Sprunghafter Anstieg der HVPI-Inflationsrate auf 3,0 % im Mai 2021
Die österreichische HVPI-Inflationsrate ist von 1,1 % im Jänner 2021 auf 3,0 % im Mai 2021 angestiegen. Im Juni 2021 ging die HVPI-Inflationsrate laut Schnellschätzung von Statistik Austria auf 2,8 % zurück. Die bis Mai 2021 vorliegenden Detailergebnisse zeigen, dass für den seit Jahresbeginn beobachteten Inflationsanstieg zu zwei Drittel die Energiepreise verantwortlich waren, da die Rohölpreise nach einem Preisverfall im Jahr 2020 in den letzten Monaten stark zulegten. Auch die Nahrungsmittelpreise stiegen zuletzt sprunghaft an und erklären ein Fünftel des Inflationsanstiegs. Basiseffekte führten nicht nur im Energiesektor, sondern auch bei Konsumgütern zu höheren Preissteigerungsraten. Weiters ist davon auszugehen, dass sich die anziehenden Preise nichtenergetischer Rohstoffe sowie aktuelle Liefer- und Materialengpässe, wenn auch in geringem Ausmaß, in den Verbraucherpreisen widerspiegeln.
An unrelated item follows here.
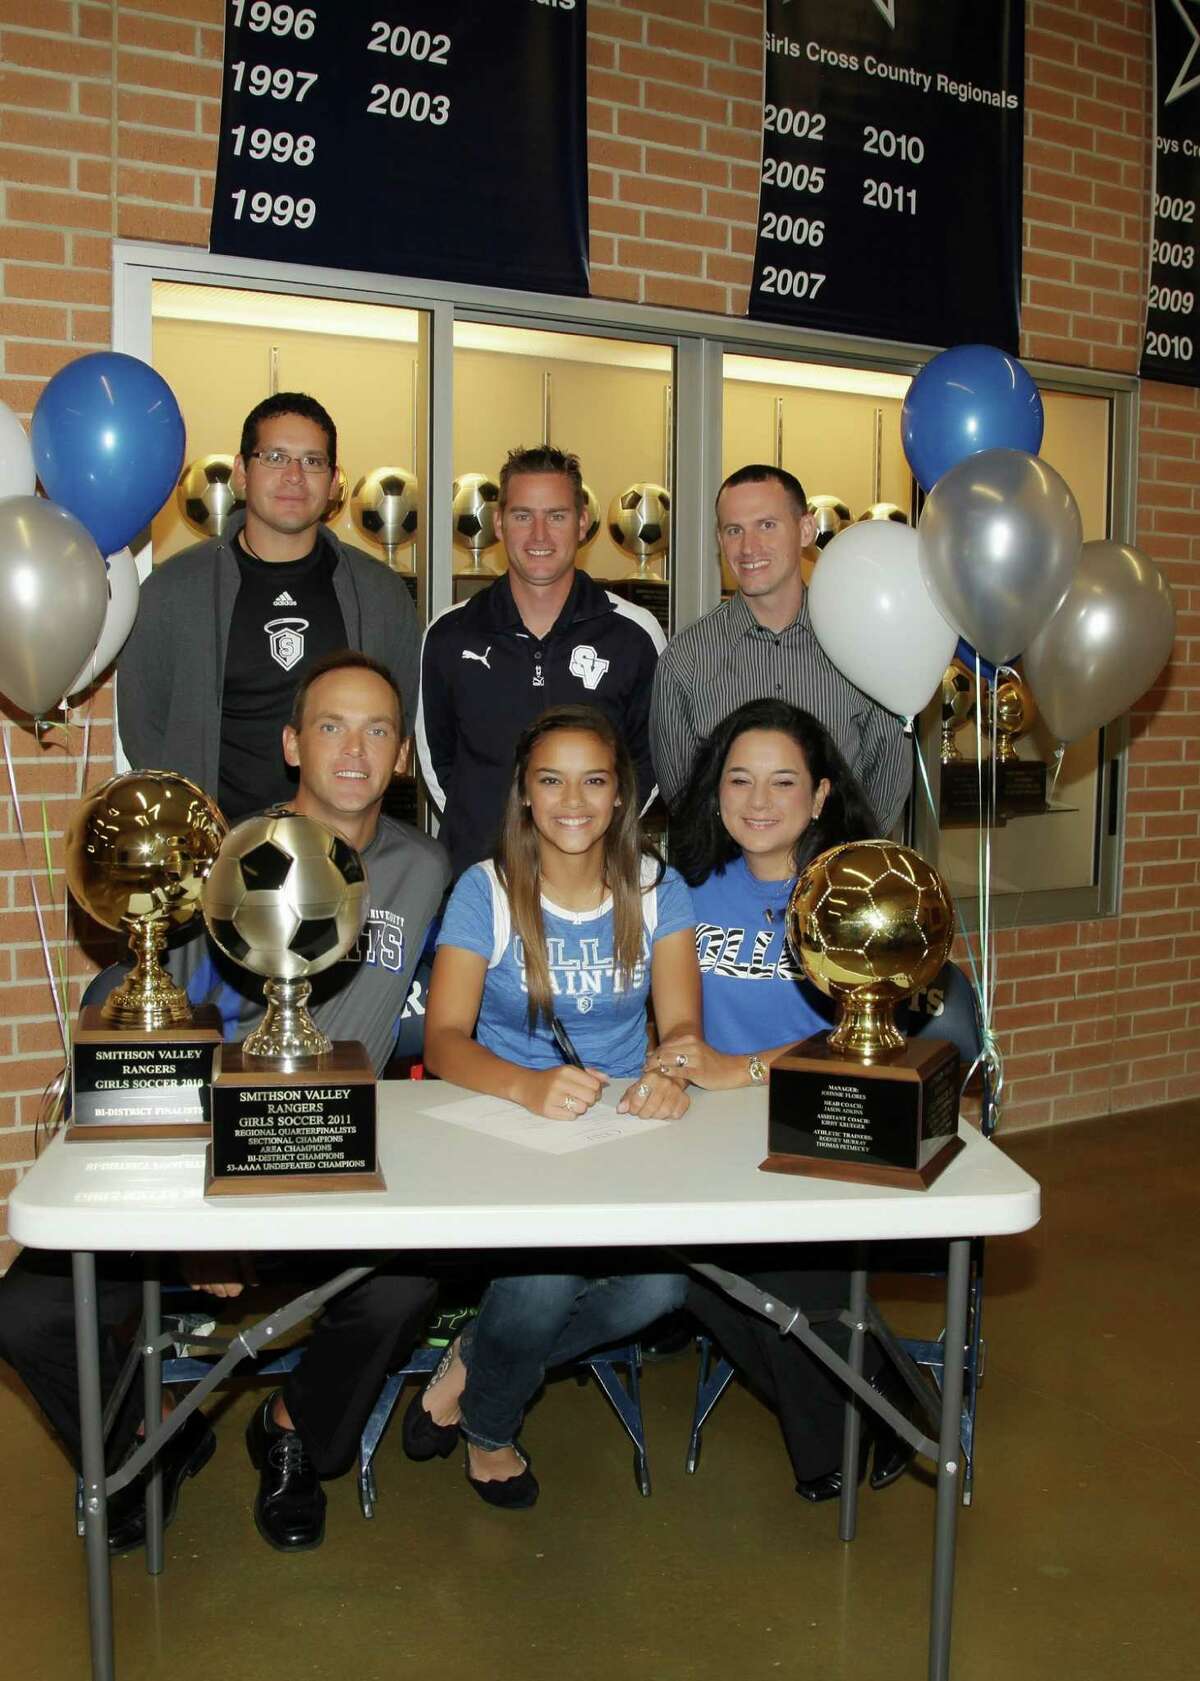 Smithson Valley High senior Pauline Fields signed her letter of intent Dec. 7 to play soccer at Our Lady of the Lake University. Pictured in the front row (l-r) are her father, Michael Fields, Fields and her mother Lisa. In the back row are Our Lady of the Lake soccer coach Arthur Salazar, SVHS girls soccer coach Jason Adkins and club soccer coach Robbie Babcock.

Außerdem trugen pandemiebedingte Sondereffekte, wie Gewichtsveränderungen im HVPI-Warenkorb und Preisimputationen ebenfalls zu den steigenden Inflationsraten der letzten Monate bei.

Auslastung der Produktionskapazitäten verbesserte sich zuletzt
Laut aktuellem WIFO-Konjunkturtest für das zweite Quartal 2021 hat sich die Kapazitätsauslastung in der Konsumgüterindustrie verbessert. Zurückzuführen ist dies auf die gelockerten Maßnahmen zur Eindämmung der COVID-19-Pandemie. Der Auslastungsgrad bei der Produktion langlebiger Konsumgüter war zuletzt höher als vor der Coronakrise, während die Auslastung bei der Produktion kurzlebiger Konsumgüter unter dem langfristigen Durchschnitt lag.

Bau- und Materialkostenanstieg sollten sich kaum auf Endverbraucherpreise sowie Miet- und Immobilienpreise übertragen
Die österreichische Baubranche sah sich in den letzten Monaten aufgrund von Unterbrechungen internationaler Transportketten sowie angesichts Materialmangels steigendem Kostendruck ausgesetzt. Die Materialkostenanstiege im Baukostenindex erreichten zuletzt historische Höchstwerte (18,5 % im Mai 2021), wobei hierfür vor allem der Anstieg einiger Rohstoffpreise (z. B. Rohöl, Eisen und Stahl, Holz) verantwortlich war. Bis zuletzt hatten sich diese Preissteigerungen weder in den Baupreisen noch in den Erzeugerpreisen für Konsumgüter widergespiegelt, die ein wichtiger Indikator für Preisdruck aus den vorgelagerten Produktionsstufen auf die Verbraucherpreise sind. Es ist davon auszugehen, dass sich der derzeitige Kostenanstieg sowohl in den Verbraucherpreisen als auch in den Miet- und Immobilienpreisen auch zukünftig nur in geringem Ausmaß niederschlagen wird: Zum einen, da die internationalen Preise für Holz und Kupfer sowie die Terminnotierungen für Rohöl bereits rückläufig sind. Zum anderen, da die Preissetzung nicht nur von Materialkosten bestimmt wird, sondern auch von zahlreichen anderen Faktoren.


„Inflation aktuell“ ist ein vierteljährlich erscheinender Bericht der Oesterreichischen Nationalbank zur Inflation in Österreich. Darin wird die Inflationsentwicklung der letzten Monate analysiert, die Inflationsprognose der OeNB vorgestellt sowie auf aktuelle Schwerpunktthemen eingegangen.